At the first sign of a credit crunch, it will deploy credit lines and other measures very quickly and at strength, which may help put out the fire early. Those measures expand the balance sheet but do not necessarily counter rate hikes, as they have little impact on long bond yields (other than reducing their volatility) and thus mortgages. The tactic worked after the collapse of SVB, keeping risks at bay.
When do we think risks for the Private Equity market will abate?
The short-term outlook is challenging. Valuations will be lower, and capital is less readily available. The longer-term outlook is also not necessarily positive.
On first instance, it appears that the Private Equity market woes stem from higher interest rates and macroeconomic volatility, and thus pressures would remain transient. Opportunities will remain abundant for the time being. Authorities seem intent on tightening banking regulation and thus credit, leaving more opportunity for Private Financing.
This is where the good news ends. A decade of ultra-low yields has reduced the cost of money and also driven many investors into alternative sources of financing. A normalised and higher yield curve will drive investors away from the Private Equity sector over the longer term. Financing will become scarcer and more difficult to obtain and pension funds will have viable alternatives.
We should expect some pressures to abate about a year after the Fed is finished with tightening rates, i.e. around 2025. An easier macroeconomic backdrop and lighter credit conditions could help improve the flow of deals. But we should not expect pension funds and other big players who saw the asset class as an alternative to zero-interest fixed income to return en masse.
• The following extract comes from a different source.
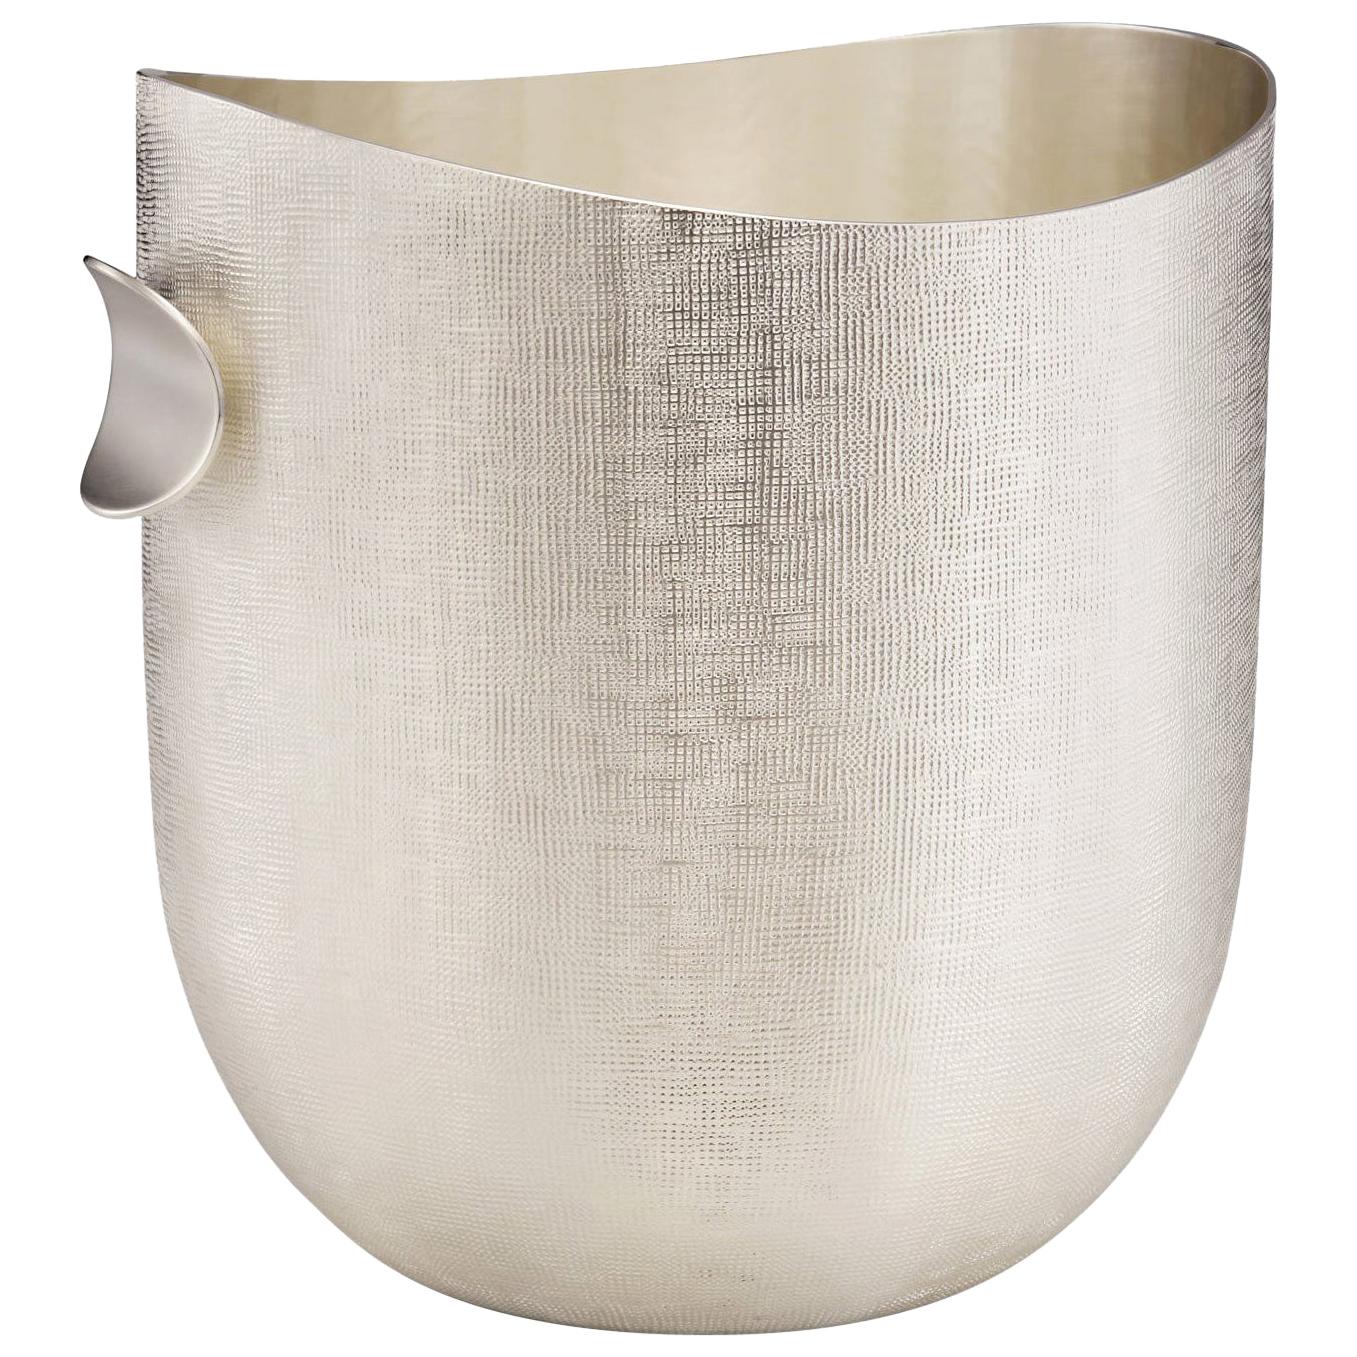 Modern Champagne Bucket, Silver Plated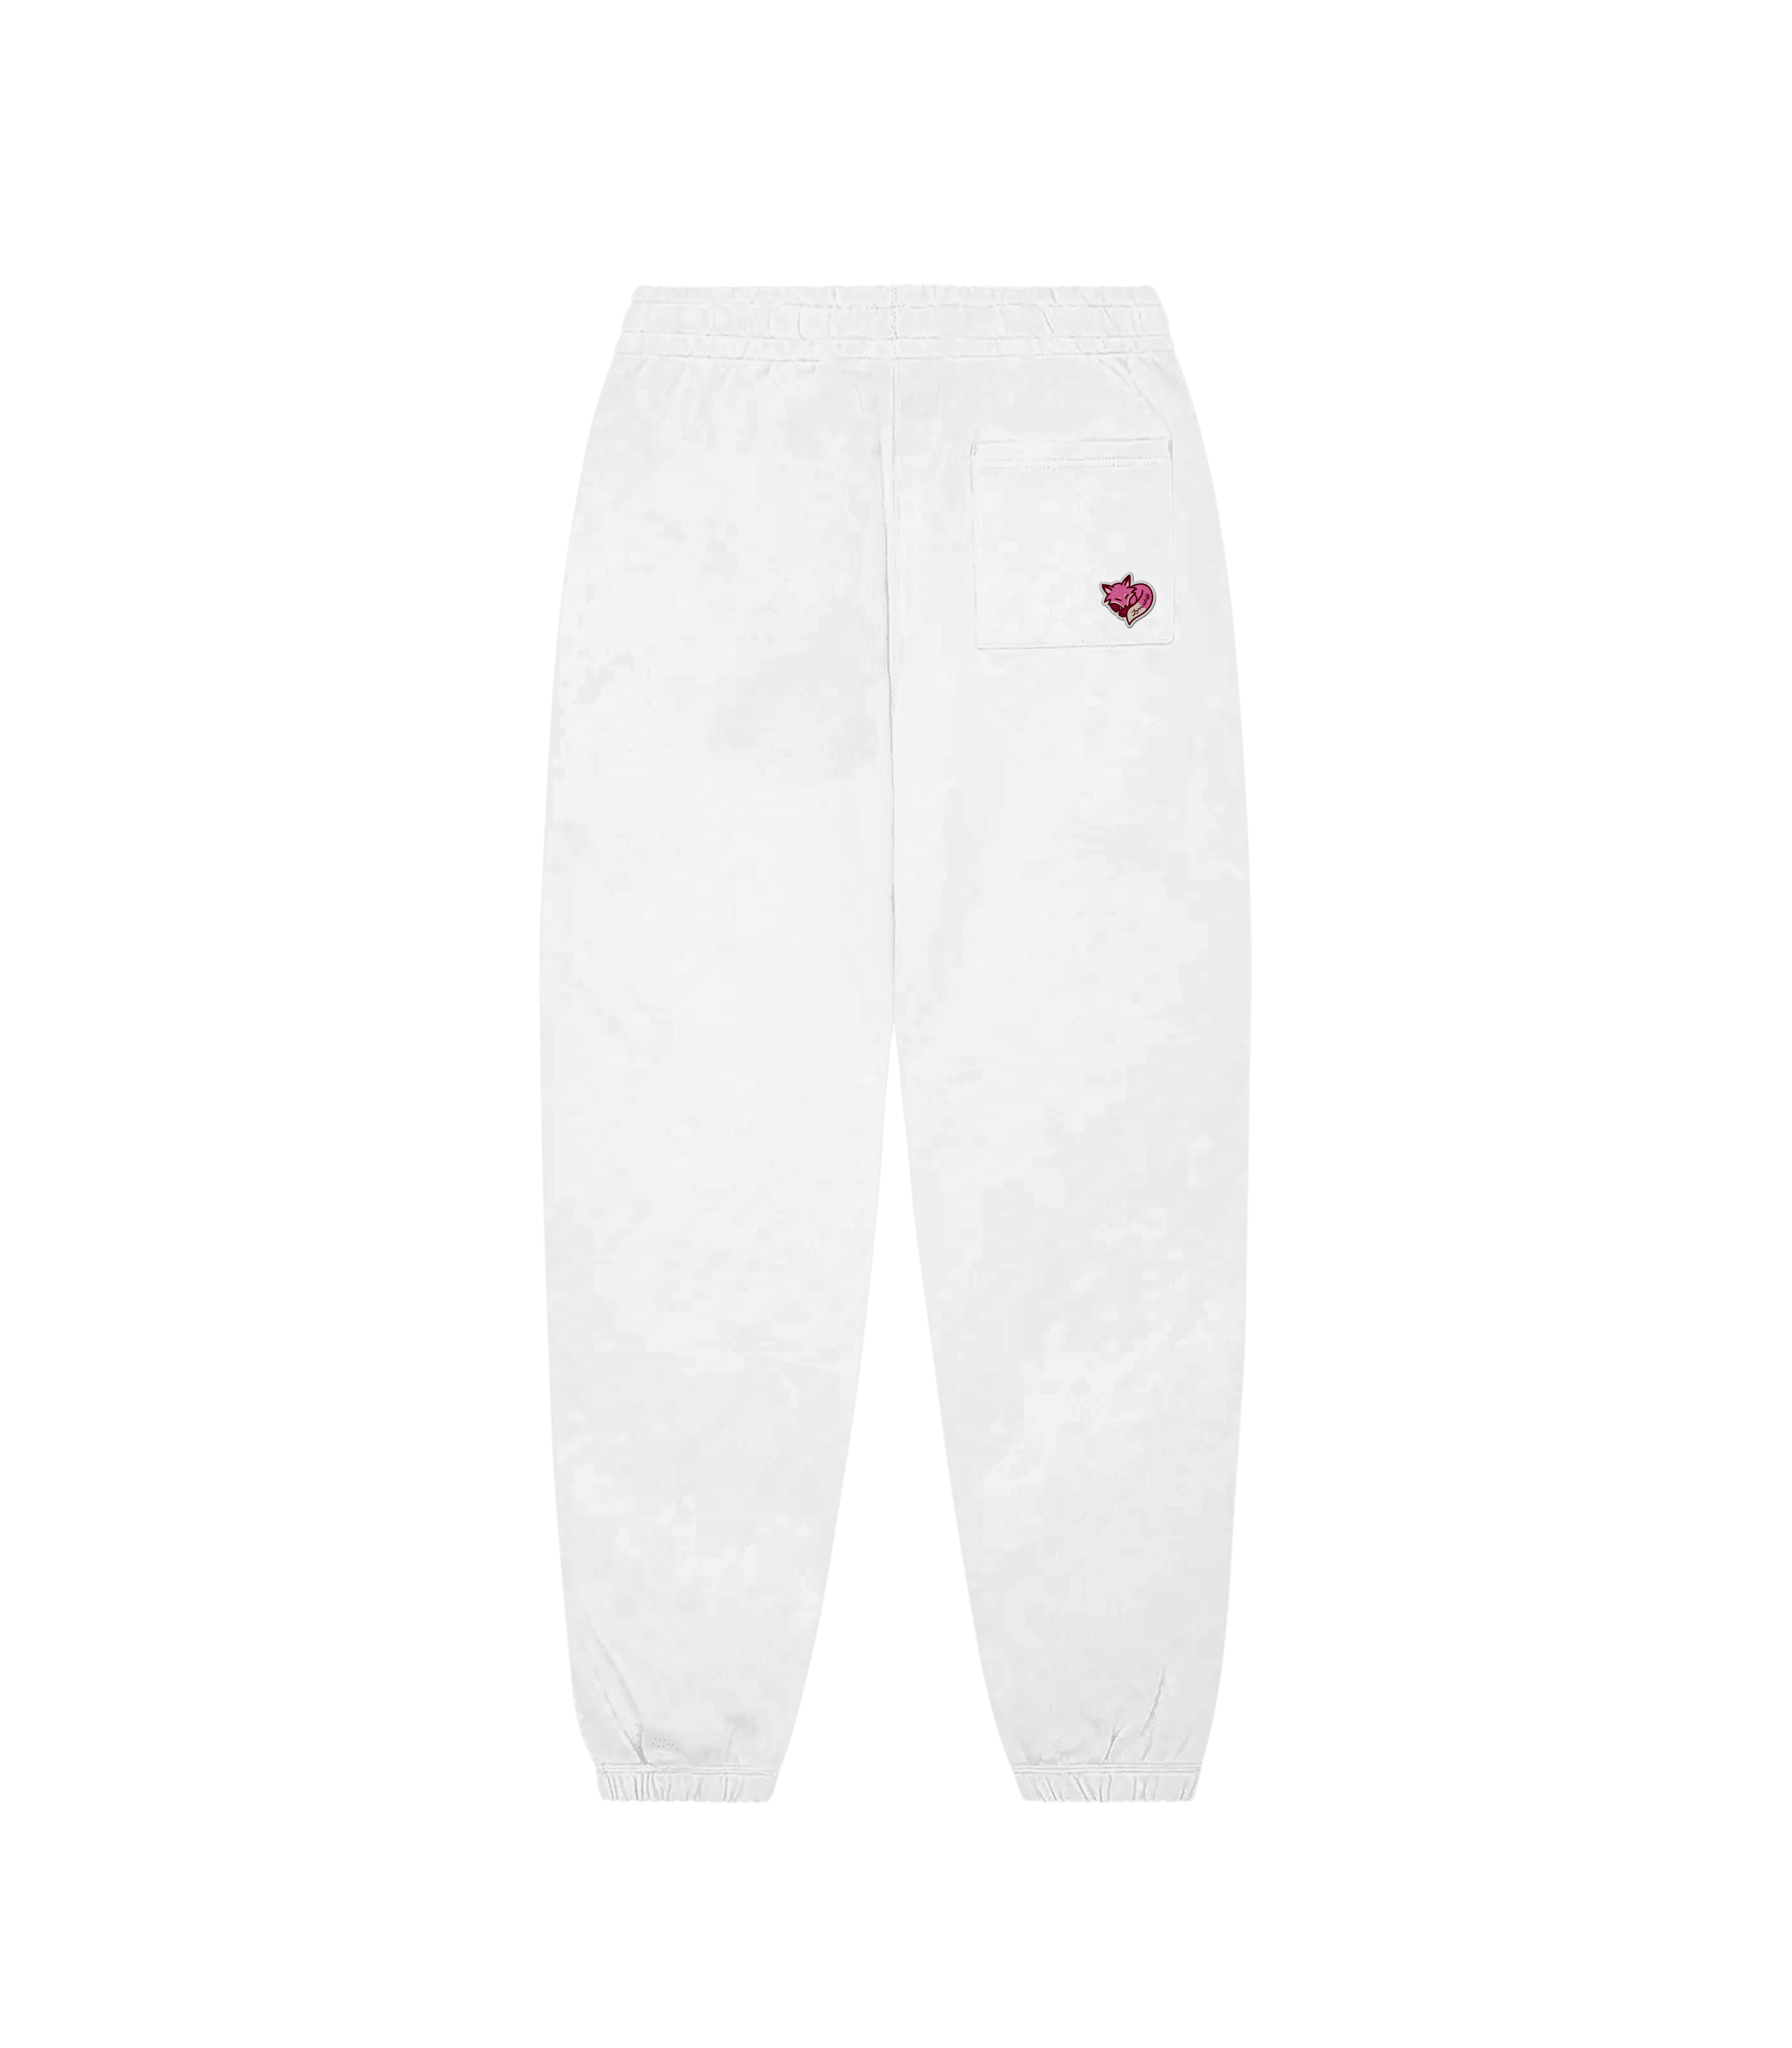 Zorro Stuff Joggers Fall in Love with your Dreams Jogger White

Additionally, over the longer term, we should not expect heavy bank regulation to last ad infinitum. The regulation-deregulation tug-of-war has tilted far into the side of regulation. The next iteration, whenever that may come, would probably include lighter regulation. That could have already happened, not for the US banking crisis in March.
We feel that, barring a turn in fortunes, the golden age of Private Equity might be behind us. Private Equity owners had a chance to introduce their funds to the wider market, and that’s good. Now, they will have to think of more ways in which their product can become appealing to institutional players in the age of higher yields.
George Lagarias, Chief Economist
A shorter version of this article appears in the FT Adviser.